■ SOURCE MATERIAL:
......

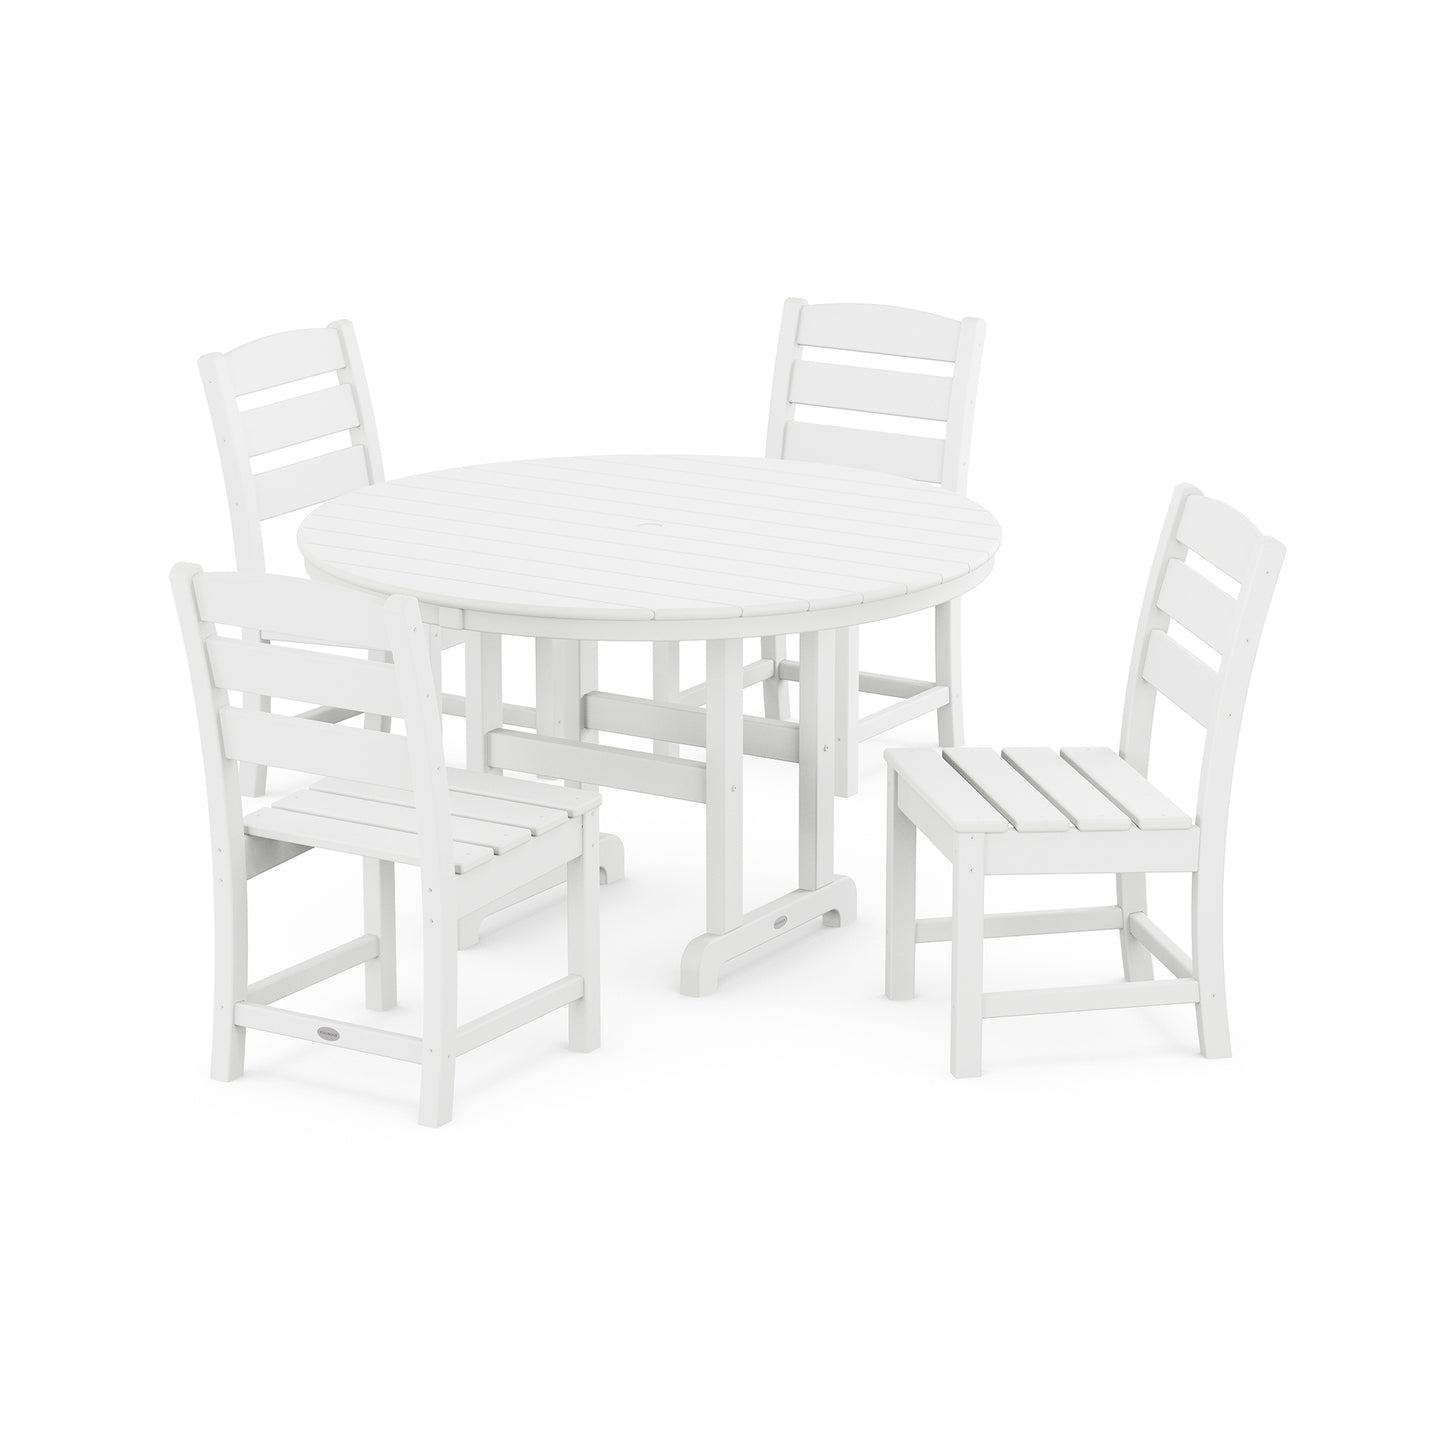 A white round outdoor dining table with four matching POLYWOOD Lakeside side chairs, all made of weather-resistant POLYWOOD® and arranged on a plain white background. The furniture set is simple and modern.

......

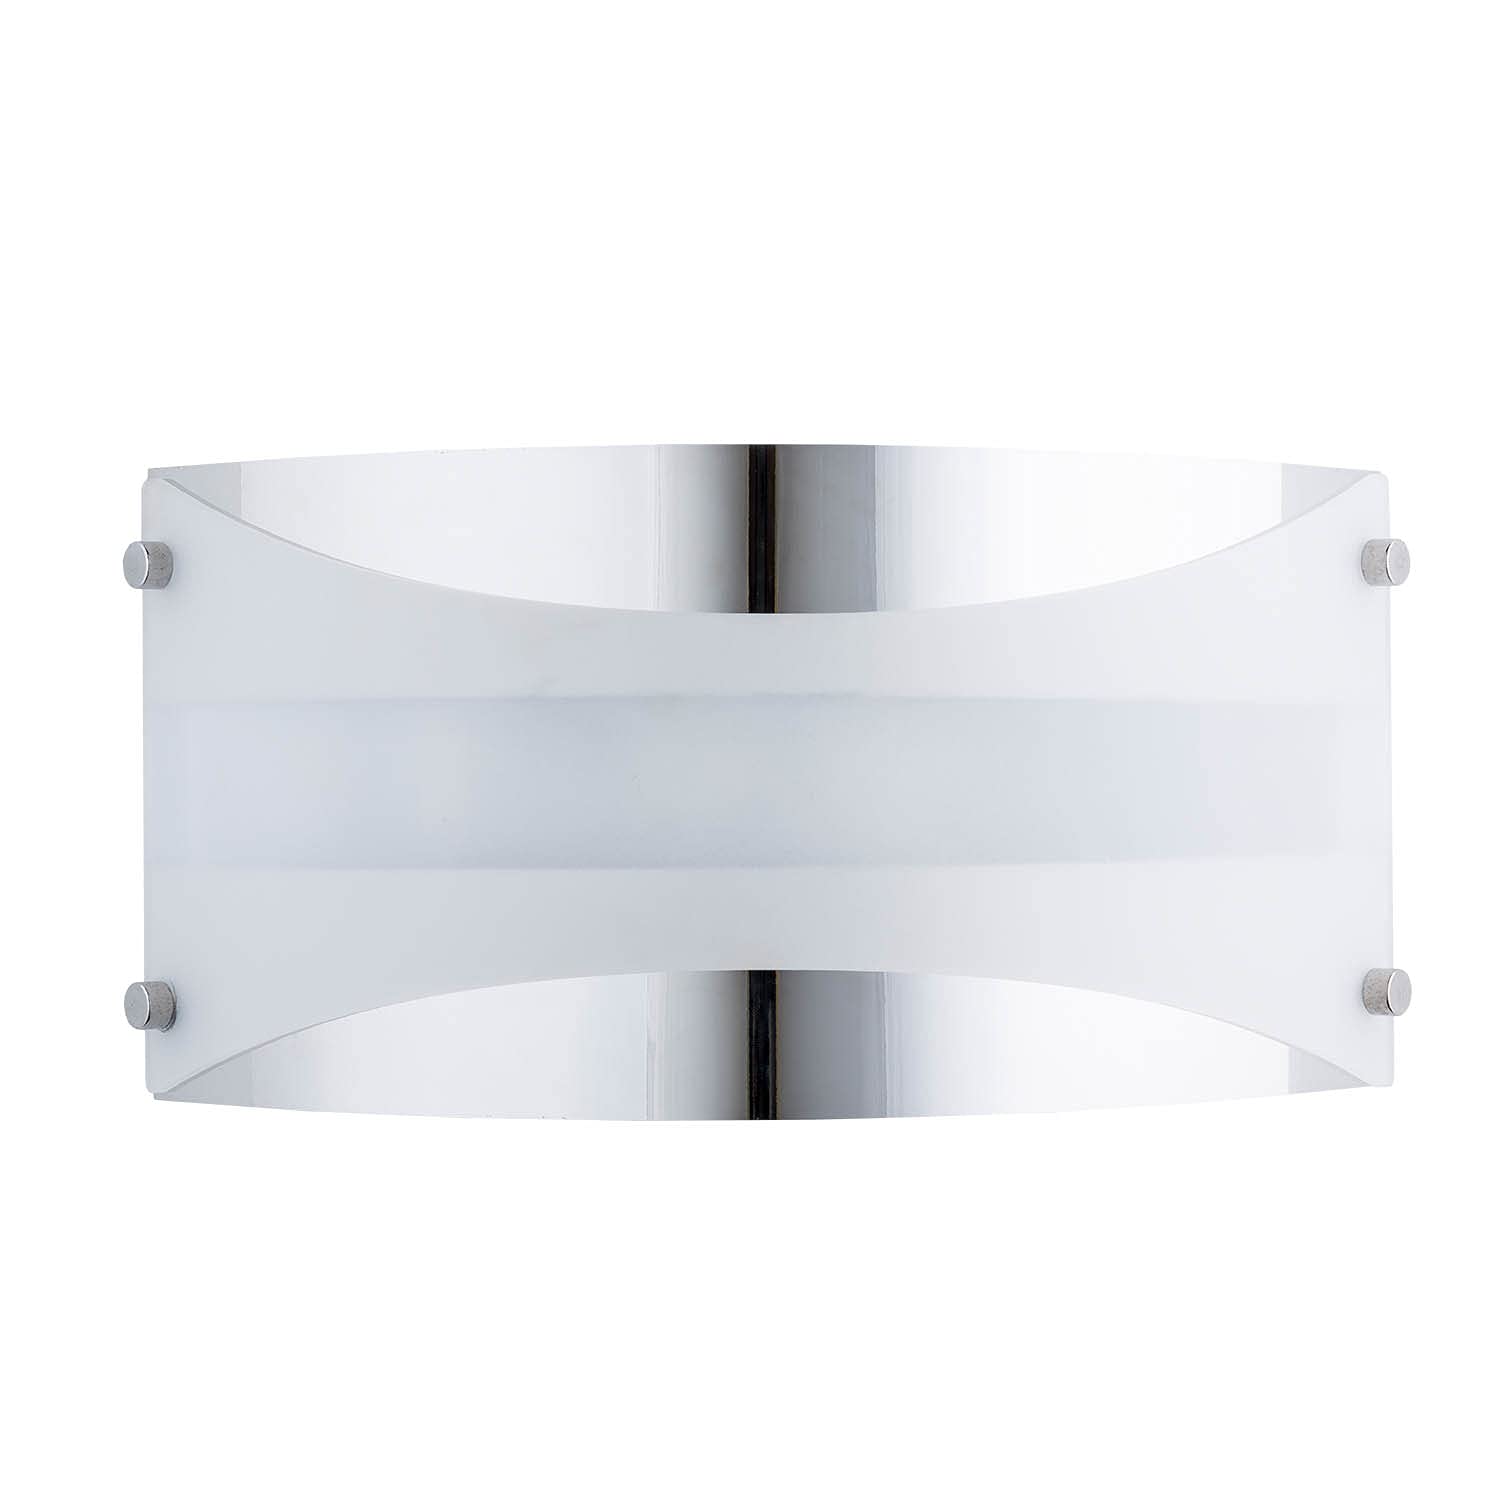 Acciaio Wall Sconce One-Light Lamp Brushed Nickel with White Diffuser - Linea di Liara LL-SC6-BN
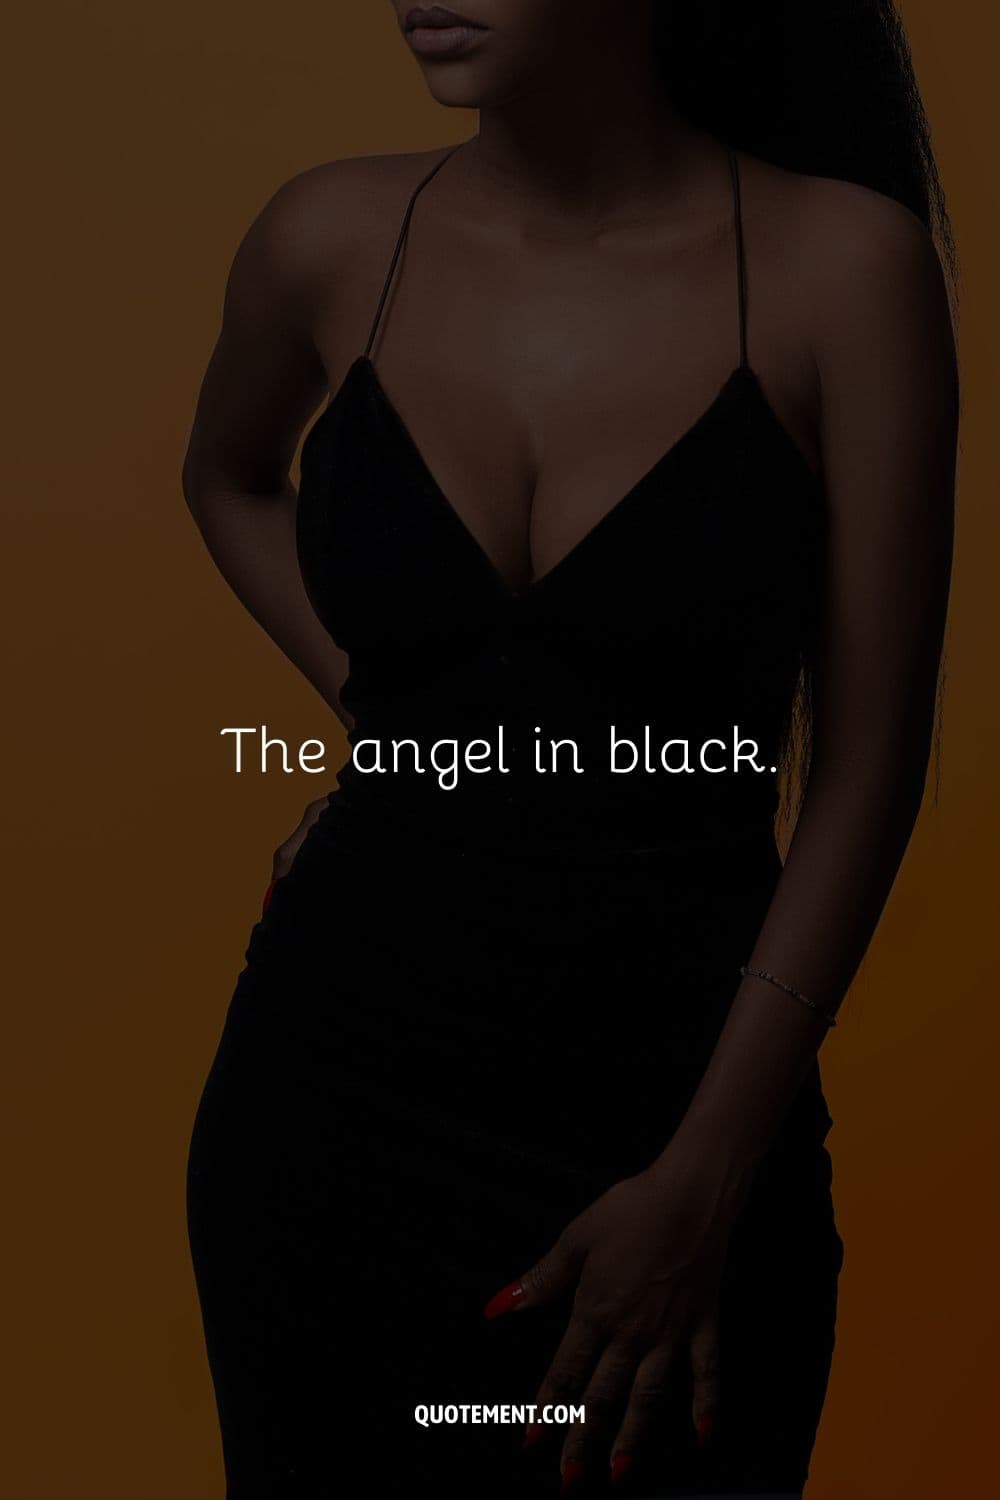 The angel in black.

......

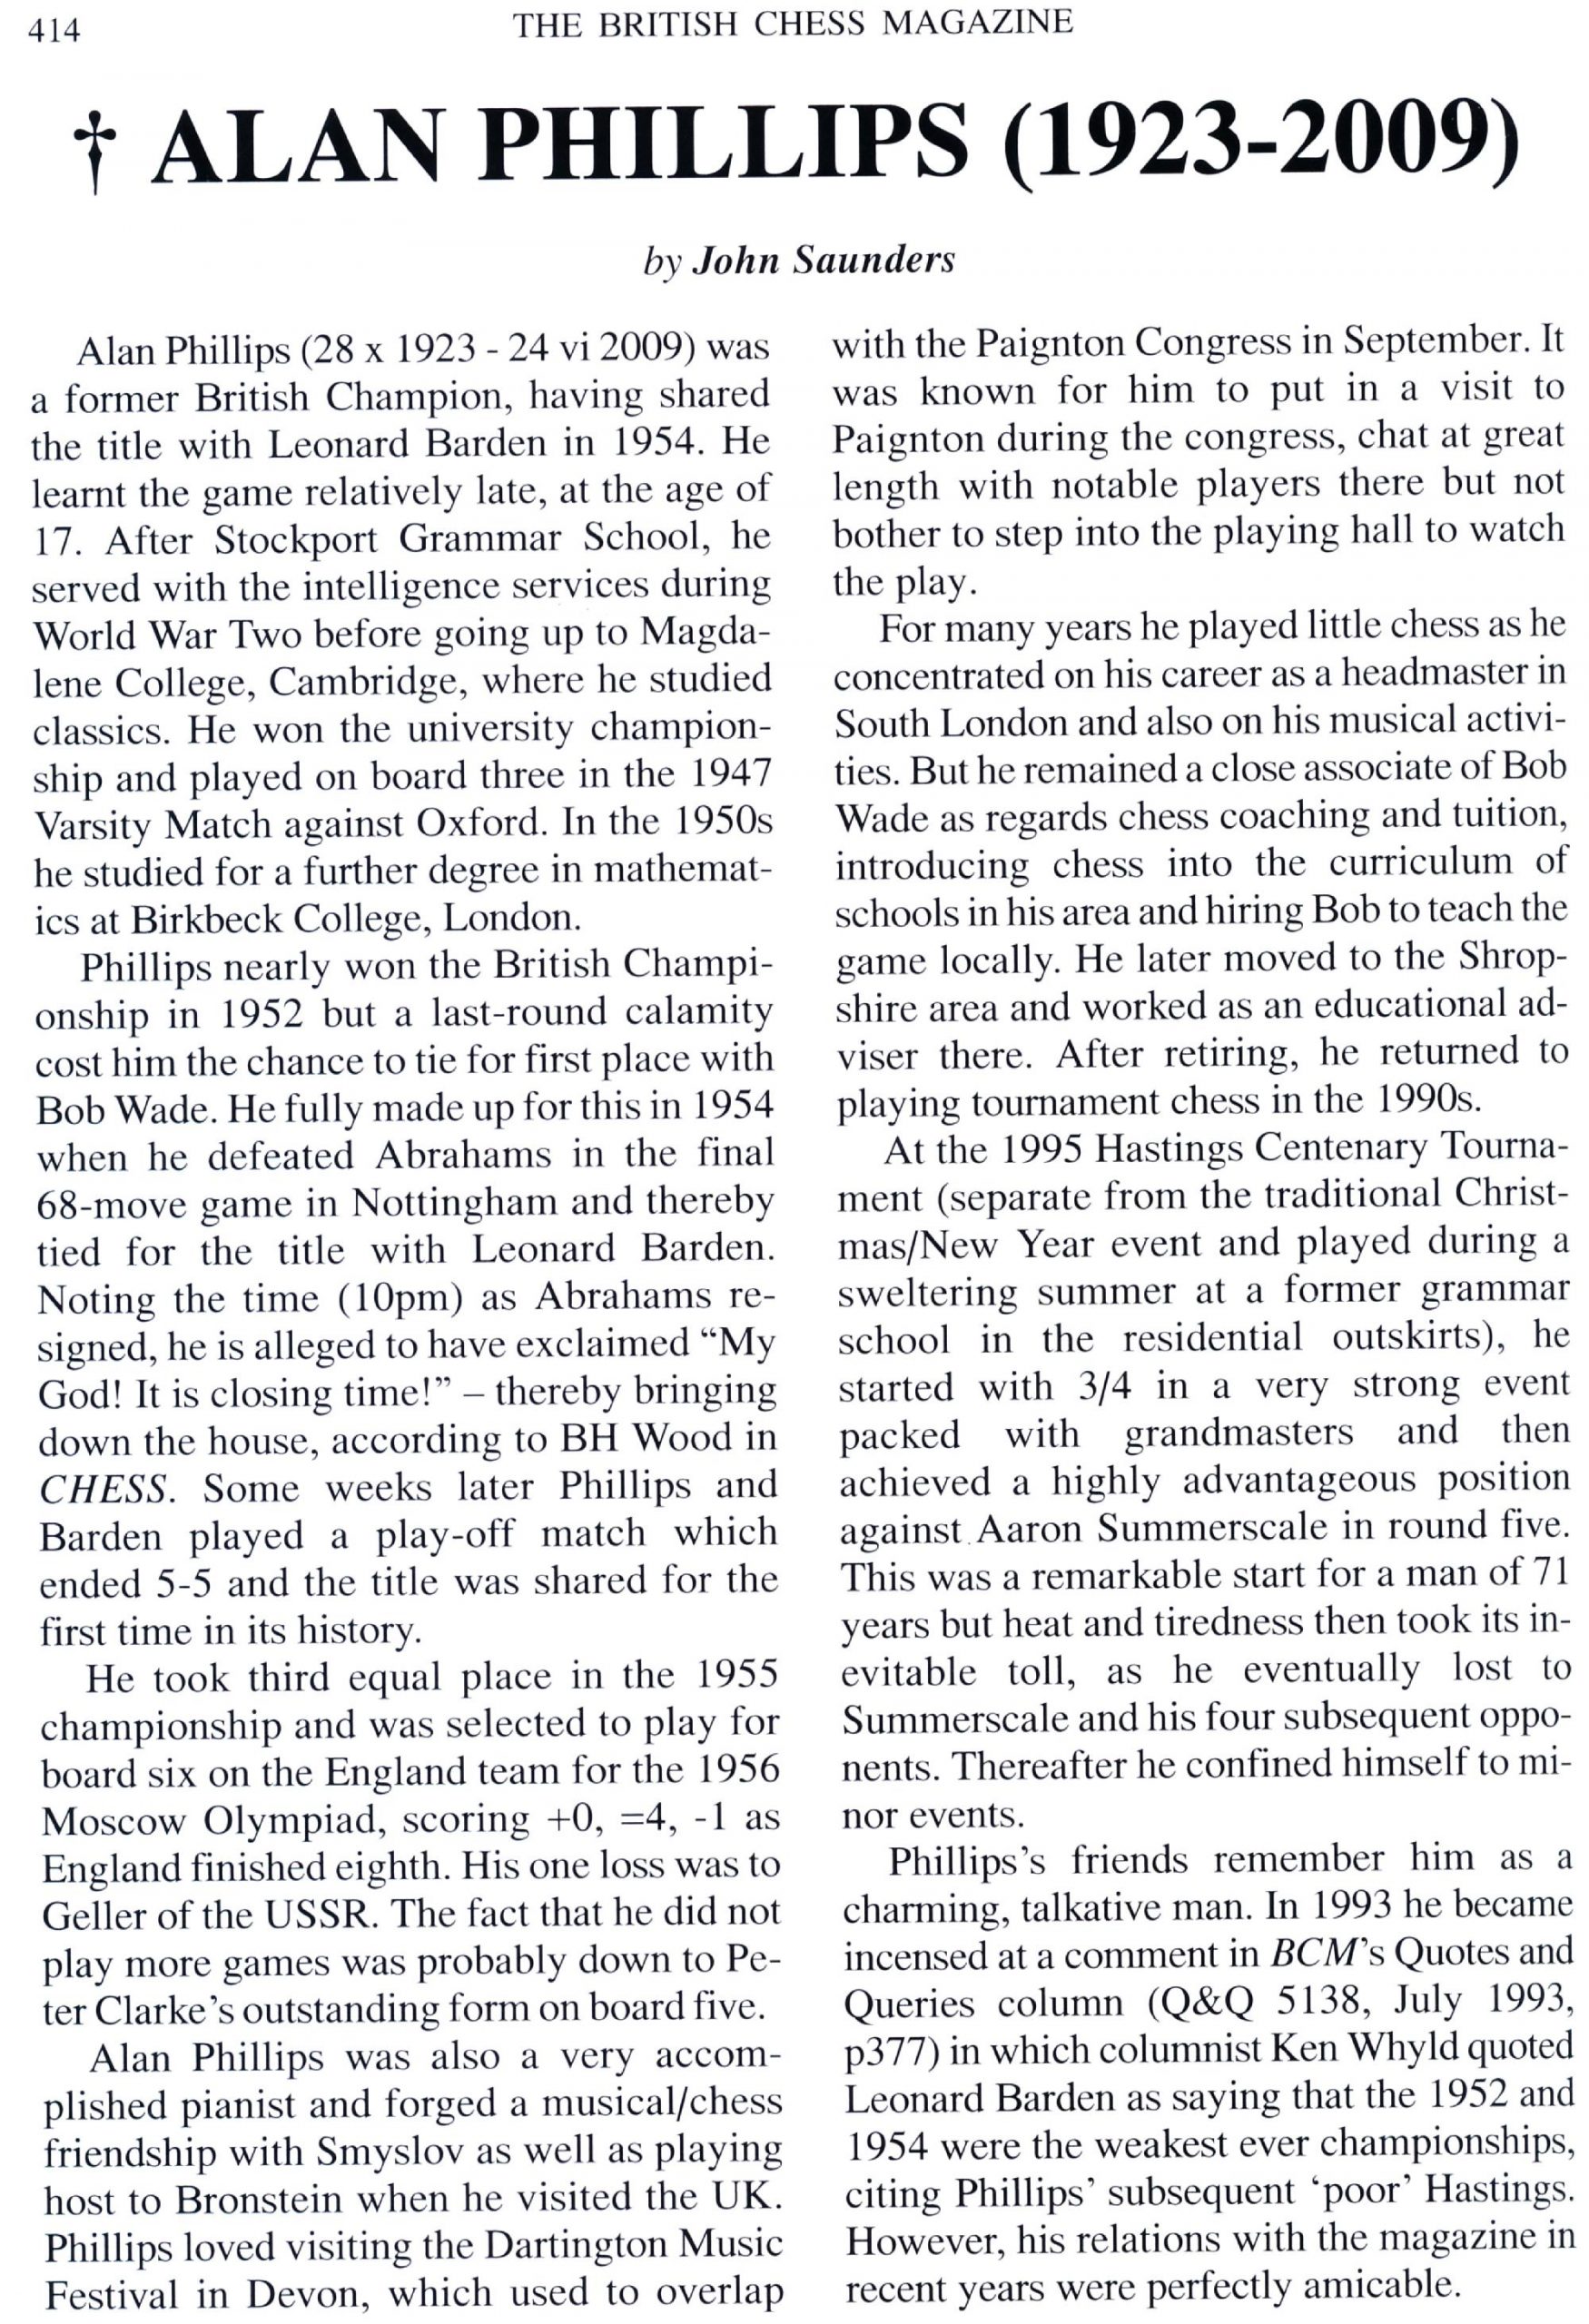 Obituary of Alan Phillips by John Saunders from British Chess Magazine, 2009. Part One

......

Starting at the line above with "Acciaio Wall Sconce", output every line exactly up to and including the line with "The angel in black.", but none of the pictures.

 Acciaio Wall Sconce One-Light Lamp Brushed Nickel with White Diffuser - Linea di Liara LL-SC6-BN
 The angel in black.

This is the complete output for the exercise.